Qisas and honor crimes

According to most variations of Islamic Law, Qisas doesn't apply if a Muslim parent or grandparent kills their child or grandchild, or if the murder victim is a spouse with whom one has surviving children. The culprit can be, however, subject to Diyya which is payable to the surviving heirs of the victims or punished through Tazir which is a Fixed punishment given by the Judge or Ruler.
The four major schools of Sunni Sharia have been divided on applicability of Qisas when the victim is a child, and the father is the murderer. The Hanafi, Shafi'i and Hanbali Sunni sharias have ruled that Qisas does not apply, as has the Shia Sharia doctrine.

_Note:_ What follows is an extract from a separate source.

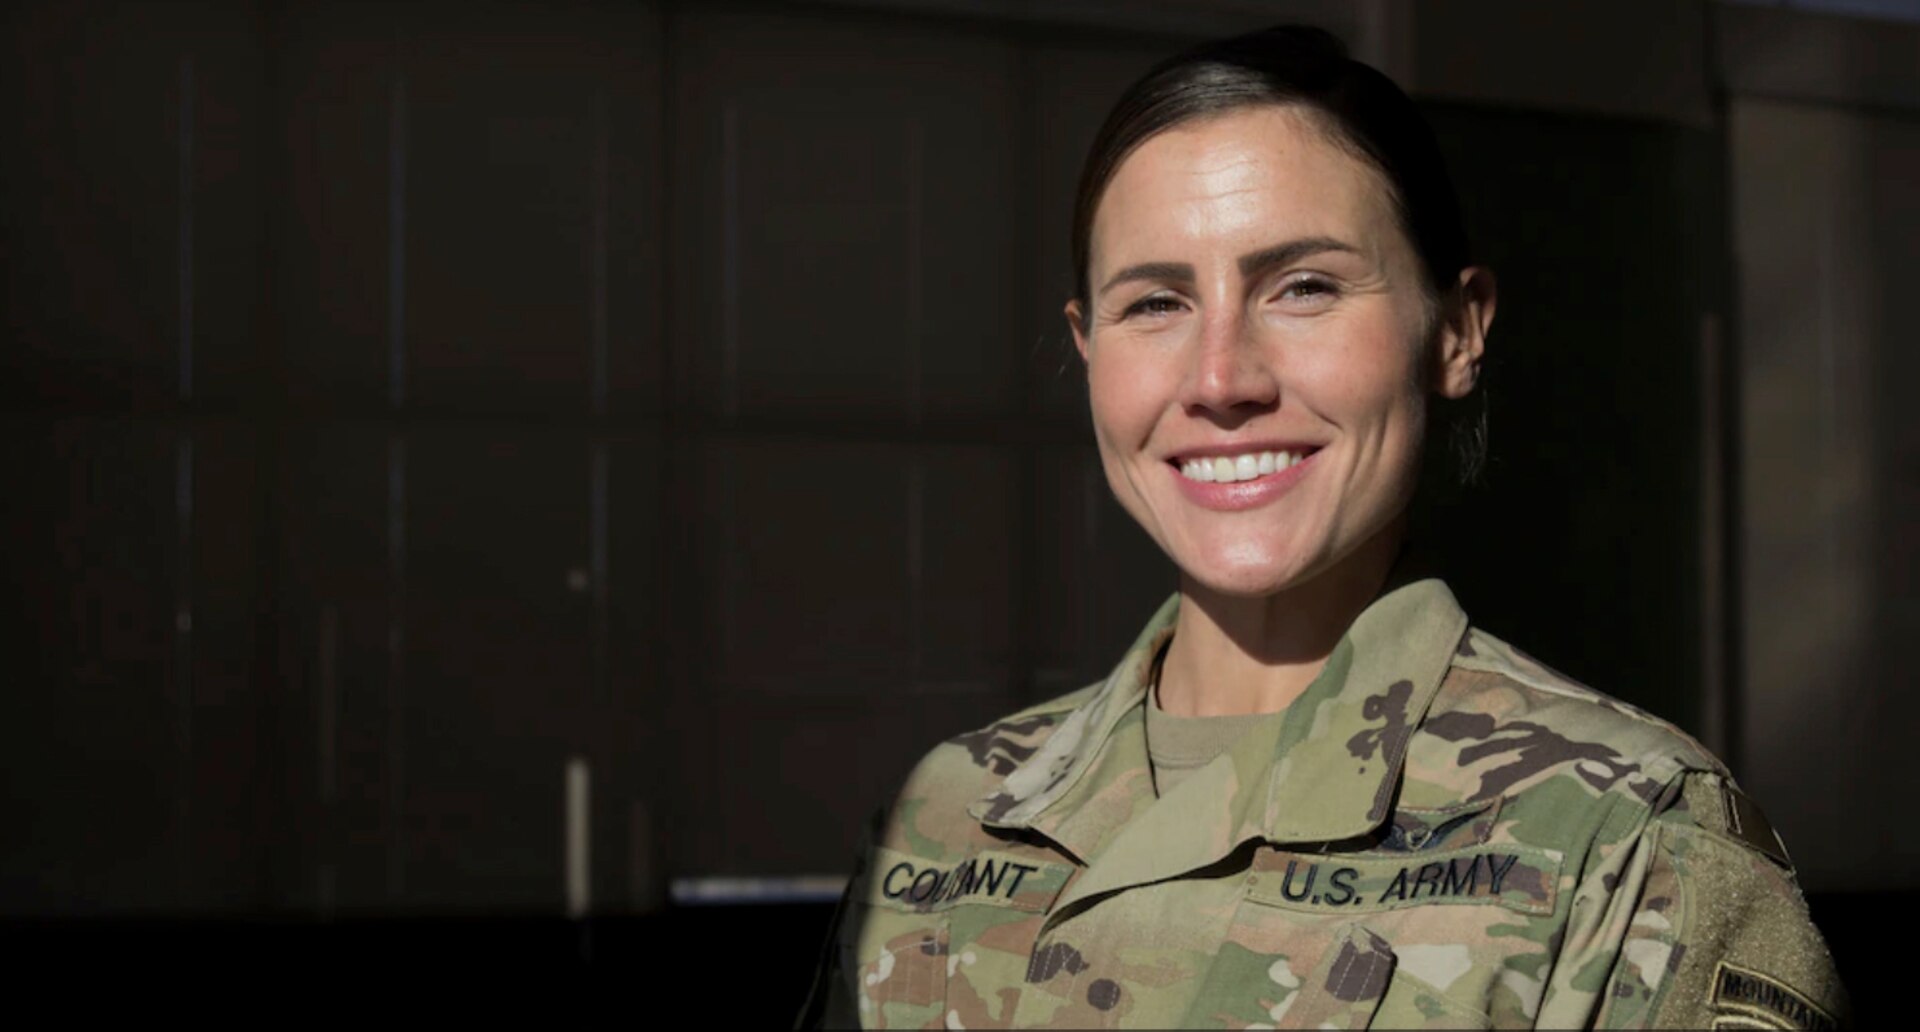 The Connecticut National Guard's first female infantry officer, 2nd Lt. Jocelyn Coutant, at the Maj. Gen. Maurice Rose Armed Forces Reserve Center, Middletown, Connecticut, Dec. 23, 2020. Coutant completed Infantry Basic Officer Leader Course March 4, 2021.

The Maliki school, however, has ruled that Qisas may be demanded by the mother if a father kills his son. The Hanafi, Hanbali and Shafi'i sharia extend this principle to cases when the victim is a child and the mother or grandparents are the murderers.
Scholars suggest that this exemption of parents and relatives from Qisas, and the treatment of homicide-related Qisas as a civil dispute that should be handled privately by victim's family under sharia doctrine, encourages honor crimes, particularly against females, as well as allows the murderer to go unpunished. This, state Devers and Bacon, is why many honor crimes are not reported to the police, nor handled in the public arena. Historically, Sharia did not stipulate any punishment against the accused when the victim is the child or the spouse of the murderer, but in modern times some Sharia-based Muslim countries have introduced laws that grant courts the discretion to impose imprisonment of the murderer. However, the victim's heirs have the right to waive Qisas, seek Diyat, or pardon the killer.

''Eye for an eye''

A legal concept similar to Qisas is the principle of Eye for an eye first recorded in the Code of Hammurabi.